• **Task details**
Repeat the span of the entries below that starts at the line with "Modern Mirrors For Bathroom" and ends at the line with "BATHROOM WALL MIRROR", nothing more. Skip the pictures.

• **Supplied material**
▼
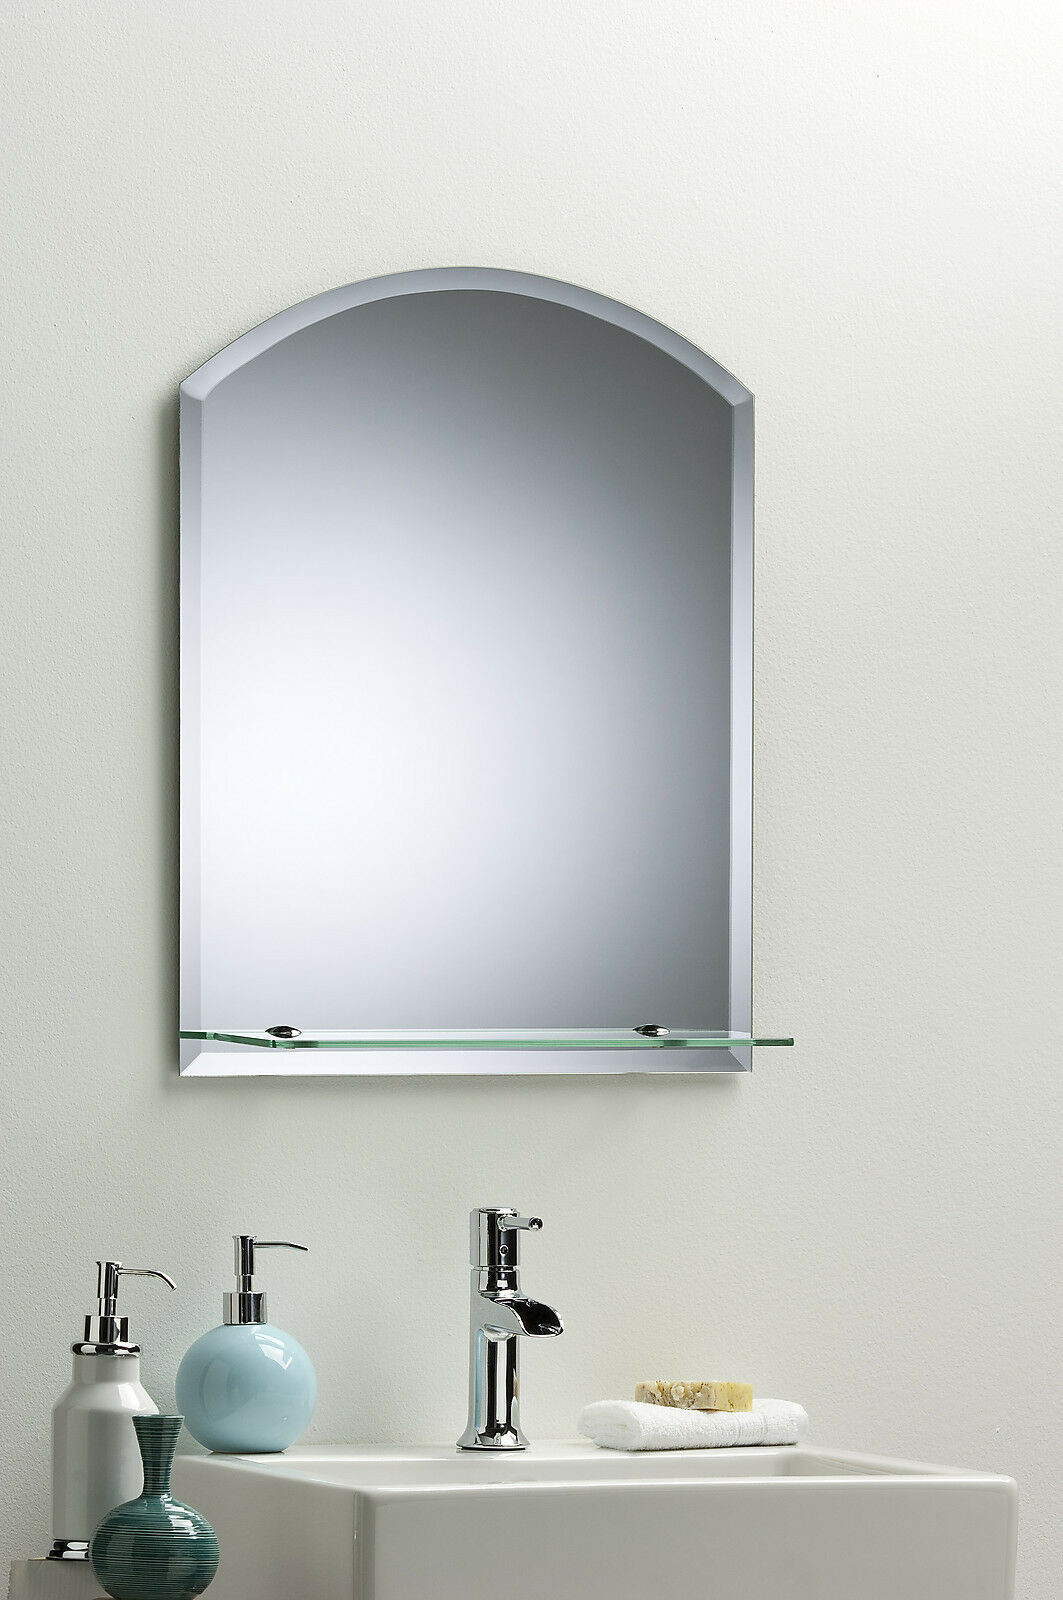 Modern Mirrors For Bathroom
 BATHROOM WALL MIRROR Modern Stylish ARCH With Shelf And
▲
▼
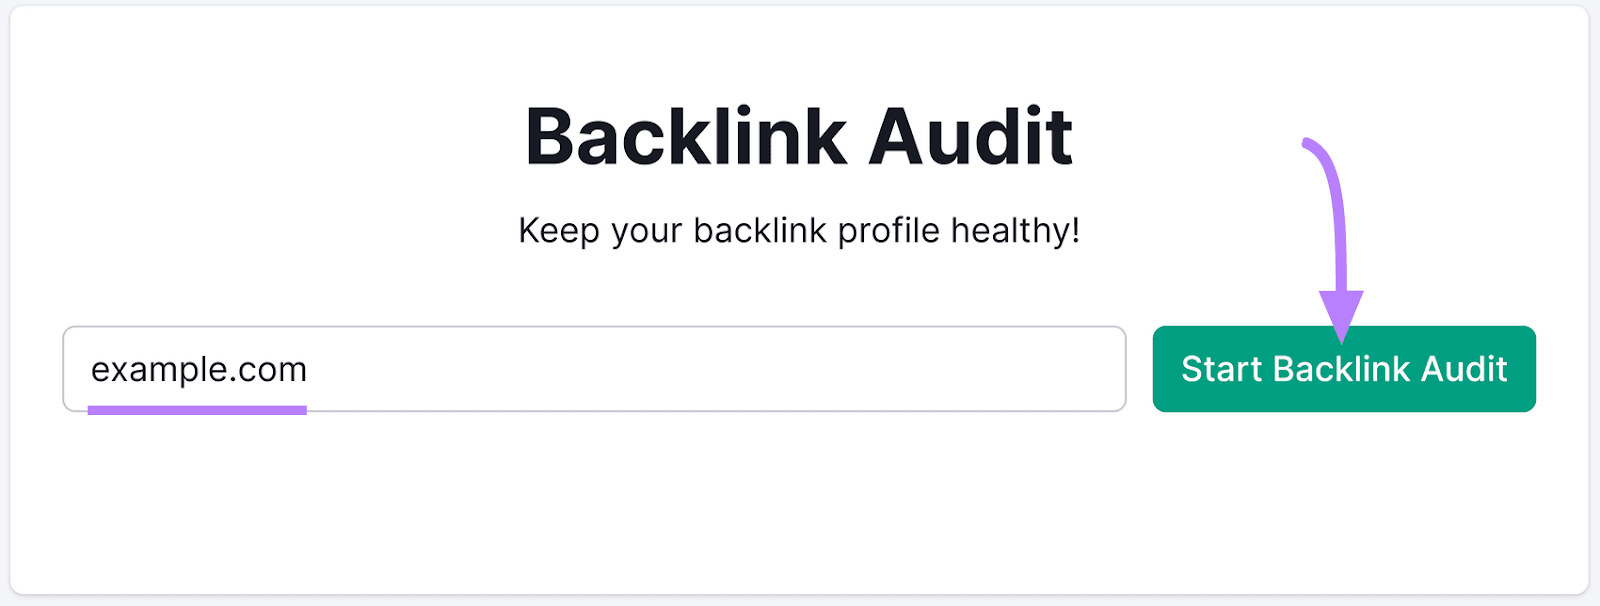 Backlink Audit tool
▲
• **Answer space**
 Modern Mirrors For Bathroom
 BATHROOM WALL MIRROR Modern Stylish ARCH With Shelf And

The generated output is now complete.